Career highlights and awards
- World Series champion (1985);

= Buddy Biancalana =

American baseball player (born 1960)

Roland Americo "Buddy" Biancalana Jr. (/biˌɑːŋkəˈlɑːnə/; born February 2, 1960) is an American former Major League Baseball (MLB) shortstop. Biancalana played for two teams in his career: the Kansas City Royals (–) and the Houston Astros.

==Biography==
Biancalana was born on February 2, 1960, in Greenbrae, California. Biancalana attended Redwood High School in Larkspur. He played baseball all four of his years at Redwood, 1975 through 1978, garnering local and national honors along the way. In 1977, he was named to the Mythical National Champion Team, a squad composed of the best high school baseball players in the United States.

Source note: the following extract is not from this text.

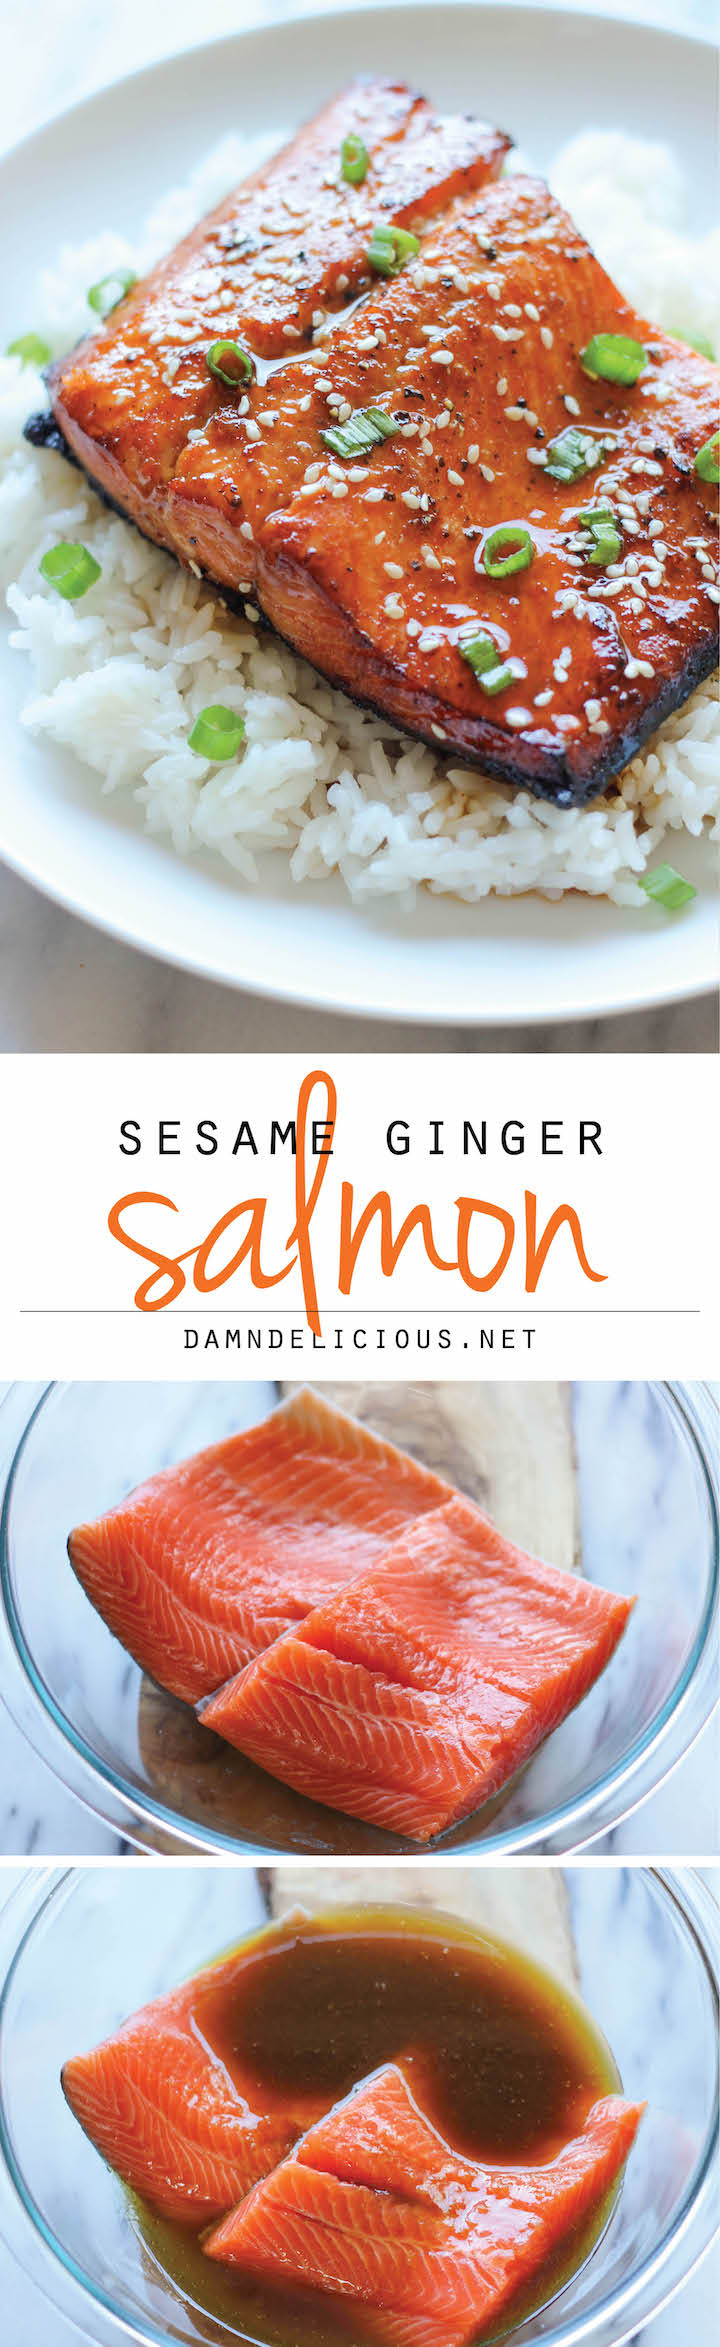 Sesame Ginger Salmon - A super easy salmon dish bursting with so much flavor, and it's hearty-healthy too!
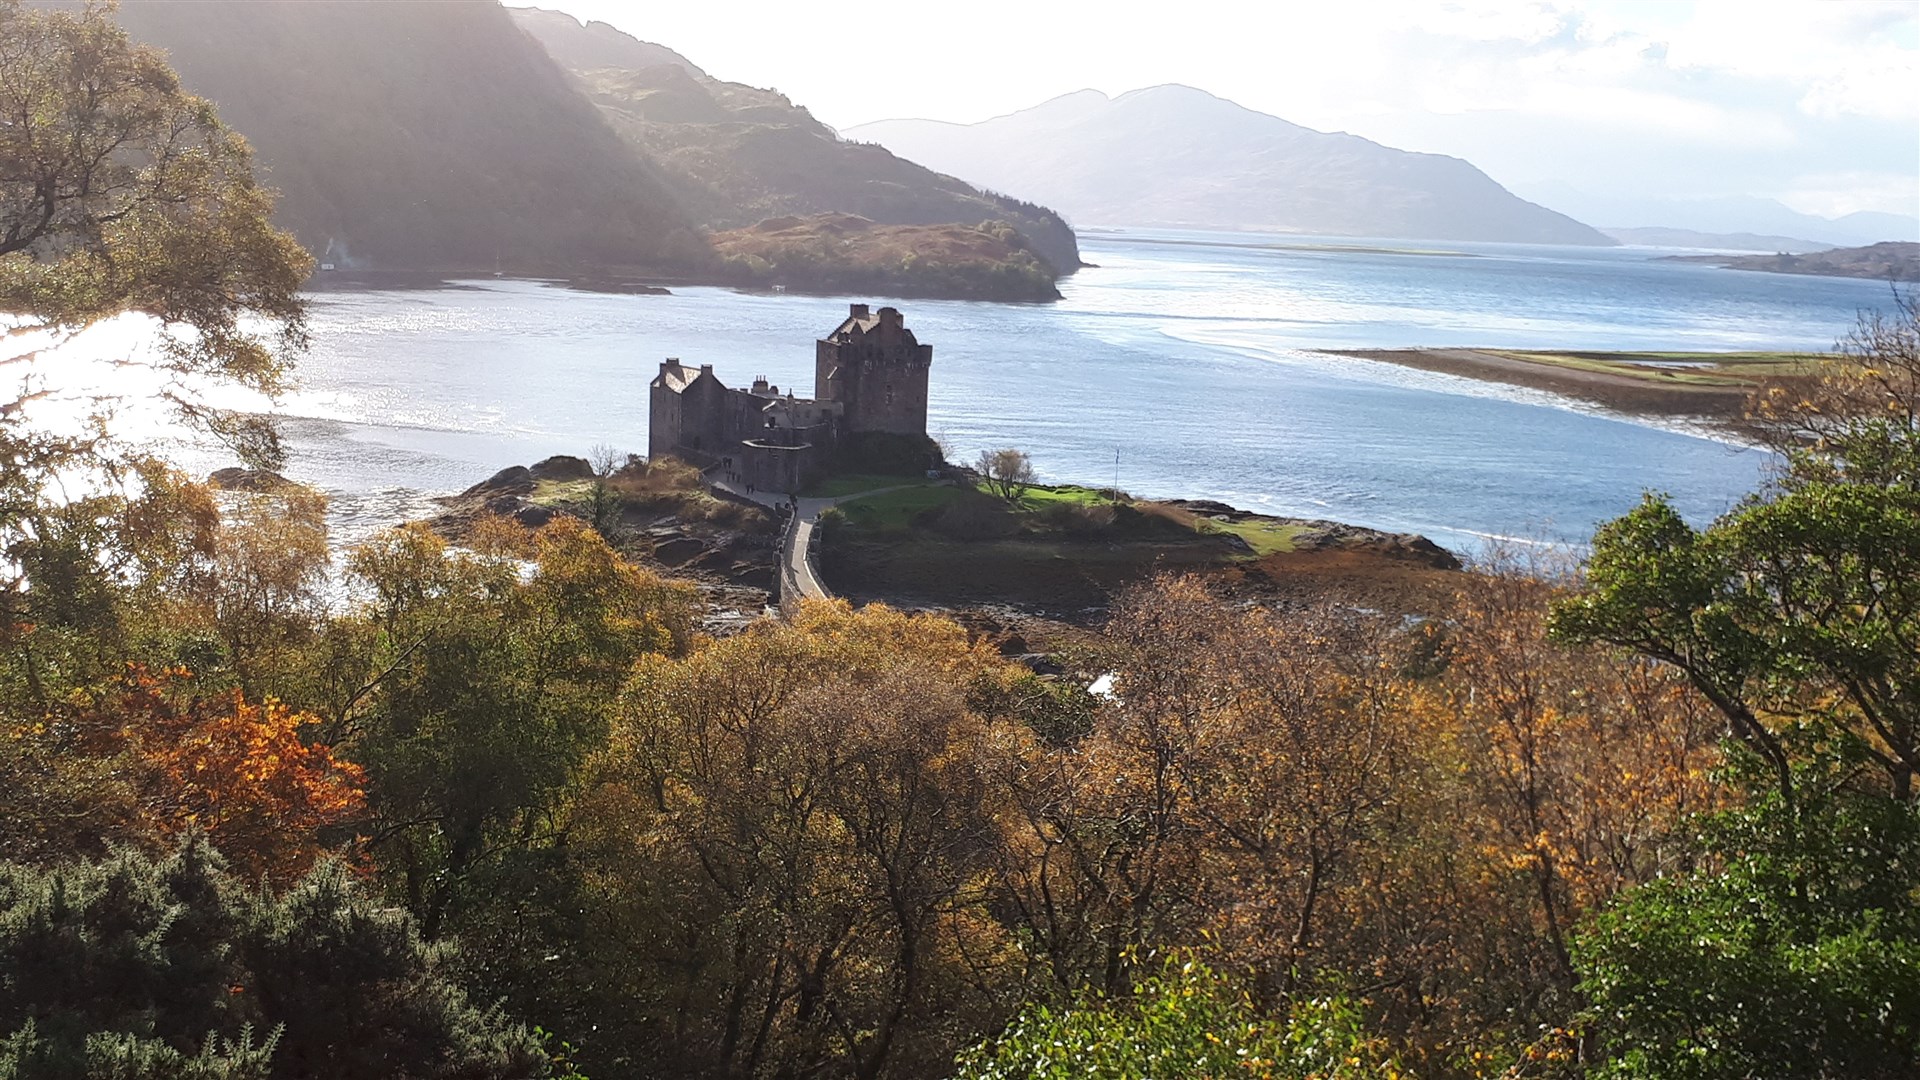 Eilean Donan Castle at Dornie is amongst many glittering jewels attracting people to the Highlands. But concerns persist over the behaviour of a small minority of visitors. Picture: Hector Mackenzie

Biancalana was drafted by the Royals in the first round (25th overall pick) of the 1978 June Regular Phase draft. He had already signed a letter of intent to attend Arizona State University yet changed his mind and signed with the Royals. He met his wife, Sabrina Sojka of Millard, Nebraska, while playing in the minor leagues in Omaha, Nebraska.

He made his MLB debut on September 12, 1982, and played his final game on October 4, 1987.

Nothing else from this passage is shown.